FP8 Best Practices

This repository’s FP8 path is useful, but it is not a universal replacement for higher-precision execution.

Where FP8 fits well

  • matrix-multiplication-heavy inference paths,
  • projection layers where moderate quantization error is acceptable,
  • memory-sensitive inference workloads.

Where to stay cautious

  • normalization steps,
  • numerically fragile output heads,
  • any path where you have not compared against an FP16 or BF16 baseline.

Prefer explicit validation

When you introduce FP8 into a new workload, compare against a higher-precision baseline:

import torch
from triton_ops import fp8_gemm

a = torch.randn(256, 512, device="cuda", dtype=torch.float16) * 0.02
b = torch.randn(512, 256, device="cuda", dtype=torch.float16) * 0.02

fp16_out = torch.matmul(a, b)
fp8_out = fp8_gemm(a, b)

rel_error = (fp8_out.float() - fp16_out.float()).abs() / (fp16_out.float().abs() + 1e-6)
print(rel_error.mean().item())

Automatic vs explicit quantization

Automatic quantization

Use:

out = fp8_gemm(a, b)

This is the shortest path and is usually a good starting point.

Explicit quantization

Use:

from triton_ops import quantize_fp8, fp8_gemm

a_fp8, a_scale = quantize_fp8(a)
b_fp8, b_scale = quantize_fp8(b)
out = fp8_gemm(a_fp8, b_fp8, a_scale, b_scale)

This is useful when:

  • you want to reuse quantized tensors,
  • you want visibility into scale values,
  • you want to control when quantization happens.

Overflow handling

The overflow helper is not part of the root-package export list.

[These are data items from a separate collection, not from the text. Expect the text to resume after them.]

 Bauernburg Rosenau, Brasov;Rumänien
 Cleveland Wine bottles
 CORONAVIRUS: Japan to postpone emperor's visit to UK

from triton_ops.kernels.fp8_quantize import quantize_fp8_with_overflow_handling

Use it when you expect extreme ranges and want retry-based scale reduction before failing with NumericalOverflowError.

Integration advice for FP8Linear

FP8Linear caches quantized weights after the first forward. That is a strong fit for inference-oriented code, but it means you should be careful about using it in training loops where weights continue to update.

Rule of thumb

  • Keep the numerically sensitive boundaries in higher precision.
  • Use FP8 where the memory and throughput trade-off is actually paying off.
  • Always measure the model- or workload-level impact, not only the isolated kernel result.